Recovering From Heart Surgery: Face It With Naluri


Going through a heart surgery – whether an angioplasty, a bypass, or recovering from cardiac arrest – can be very daunting. You have to deal with the both the stress and psychological trauma of the procedure, thoughts of mortality, and at the same time, you have to be focused about making lifestyle changes to diet, exercise, stress management and regular medication to ensure a healthy recovery and prevent a recurrence.


Along this journey to recovery, you may face pervasive fear. A brief moment in your day when it feels like your heart has “skip a beat” can trigger anxiety. Thoughts such as “am I going to have another heart attack?” or “am I going to black out?” race through your mind. Inadvertently, you have developed a constant awareness of your heart. Simple activities like walking alone can elicit fear.

It can be a struggle to accept that coronary heart disease (CHD) came at our door and left an ugly scar down the middle of our chest. And so it is no wonder then that post surgery – we can find ourselves depressed. However, there is hope and recent research point’s the way to manage CHD struggles.
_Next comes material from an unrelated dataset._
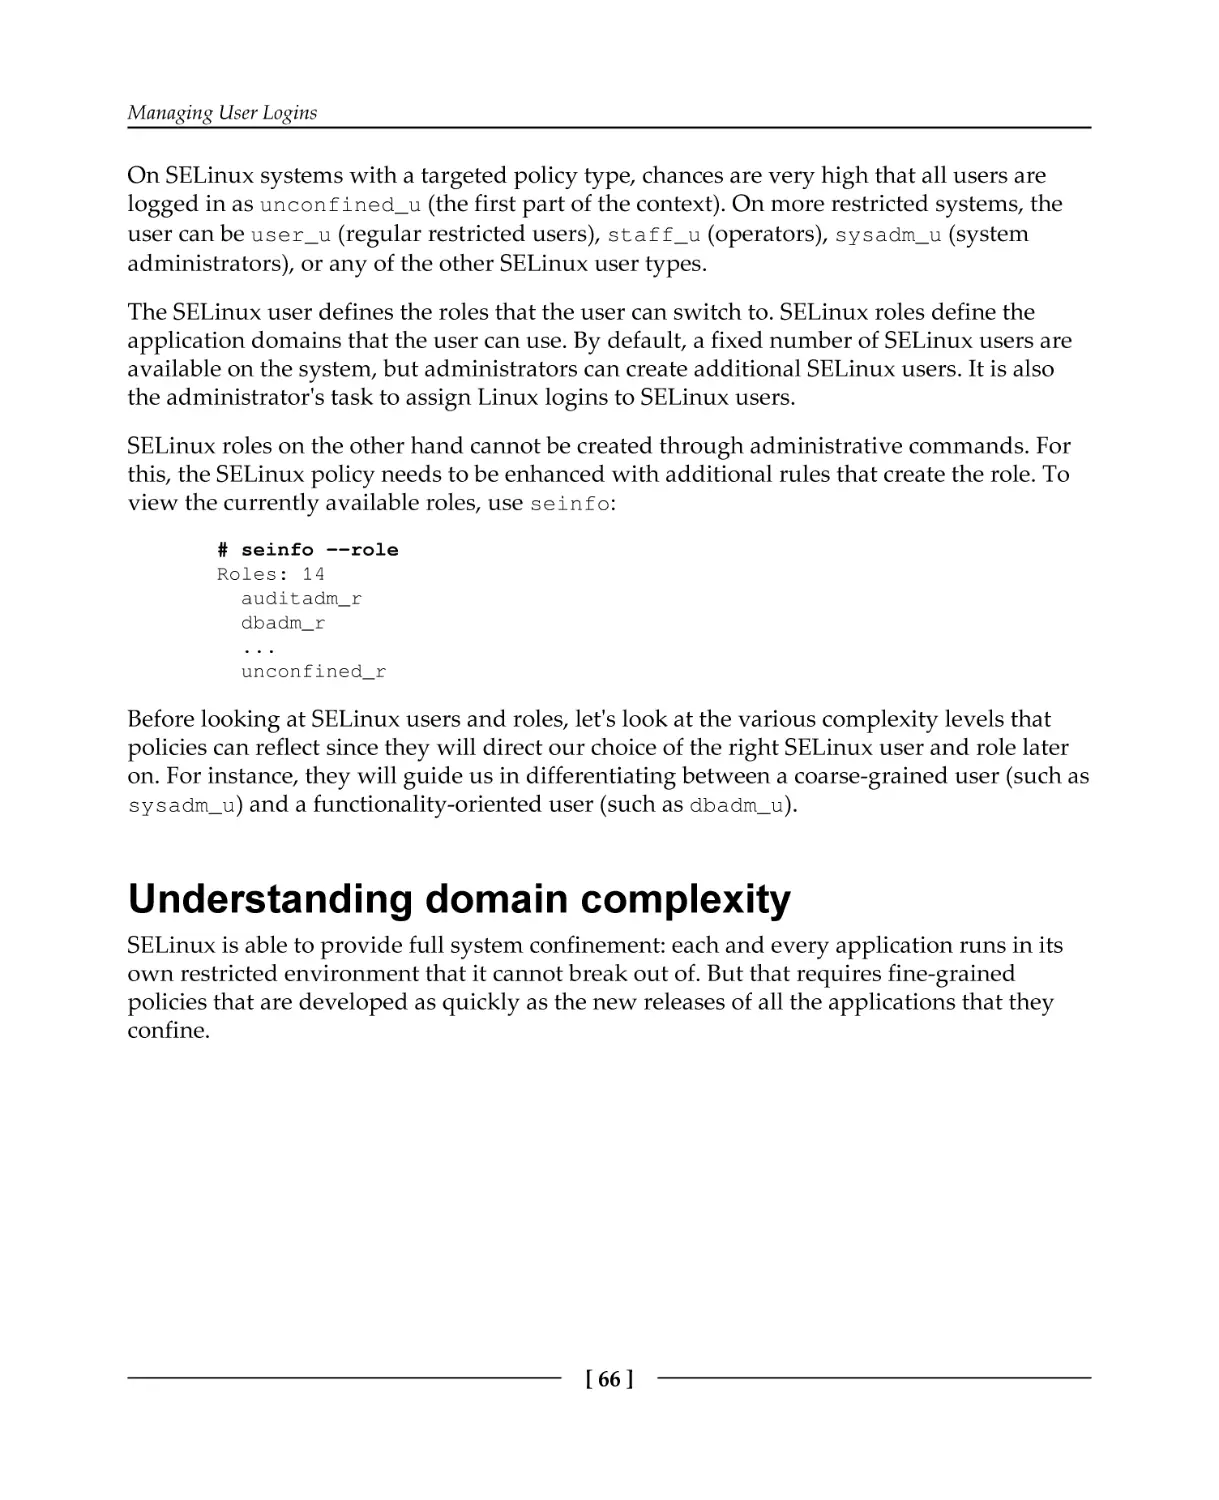 Understanding domain complexity

We no longer have to suffer alone.

Empirical research has proven that psychological support using cognitive behavioural therapy (CBT) can alleviate our emotional distress post heart procedure, lead to a better quality of life, and decrease hospitalization even when antidepressants are not effective (Freedland et al. 2015; Hwang et al. 2015). What is CBT you may ask? CBT is a technique used to reframe your thought patterns and replace them with helpful thoughts that will result in positive feelings and adaptive actions towards CHD. For instance CBT can help restructure your thinking to gain confidence that not all cardiac events are harmful when you develop hypersensitivity to your heart beats. Also, CBT has found to effectively reduce panic attacks and avoidance behaviours post CHD (Tully, Sardinha & Nardi 2017).

Tailoring CBT to CHD falls under the realm of Health Psychology (HP). Health psychologists use their knowledge of specific medical conditions and psychology to help individuals cope mentally, manage their pain and strategize lifestyle changes together with their clients. Not all mental health professionals are the same, and health psychologists are better positioned to understand how hard living with CHD can be. For example, individuals suffering from panic attacks post CHD have a specific model called PATCHD that health psychologists use during therapy which is empirically validated (Tully, Sardinha & Nardi 2017). Thus, instead of getting general coping advice from a psychologist, health psychologists will tailor treatment and contextualise to your needs post CHD.


The Health Psychology Model
(Image from META-Medicine UK)


At Naluri, we take a holistic approach to health. Naluri offers safe, confidential coaching using empirically proven techniques such as CBT and more. Dr Hariyati Shahrima Abdul Majid (PhD in Health Psychology, Surrey), Naluri’s co-founder and health psychologist has over 20 years of experience working with hundreds of patients diagnosed with CHD to improve their quality of life. Her specific area of research and clinical practice is in psychological predictors of recovery from coronary heart disease among Malaysians and predictors of willingness to attend cardiac rehabilitation programs. Her academic experience was at Universiti Islam Malaysia, and she also set up the Psychology Unit and Lifestyle Modification Centre at Prince Court Medical Centre.

If you are having difficulty coping with an ongoing or new diagnosis, consider making an appointment to meet and partner with Dr Hariyati today.


Reference List

  1. Freedland, KE, Carney, RM, Rich, MW, Steinmeyer, BC & Rubin, EH 2015, ‘Cognitive behavior therapy for depression and self-care in heart failure patients: a randomized clinical trial’, JAMA internal medicine, vol. 175, no. 11, pp. 1773–1782.

  2. Hwang, B, Eastwood, J-A, McGuire, A, Chen, B, Cross-Bodán, R & Doering, LV 2015, ‘Cognitive Behavioral Therapy in Depressed Cardiac Surgery Patients: Role of Ejection Fraction’, The Journal of cardiovascular nursing, vol. 30, no. 4, pp. 319–324.

  3. Tully, PJ, Sardinha, A & Nardi, AE 2017, ‘A New CBT Model of Panic Attack Treatment in Comorbid Heart Diseases (PATCHD): How to Calm an Anxious Heart and Mind’, Cognitive and Behavioral Practice, vol. 24, no. 3, pp. 329–341.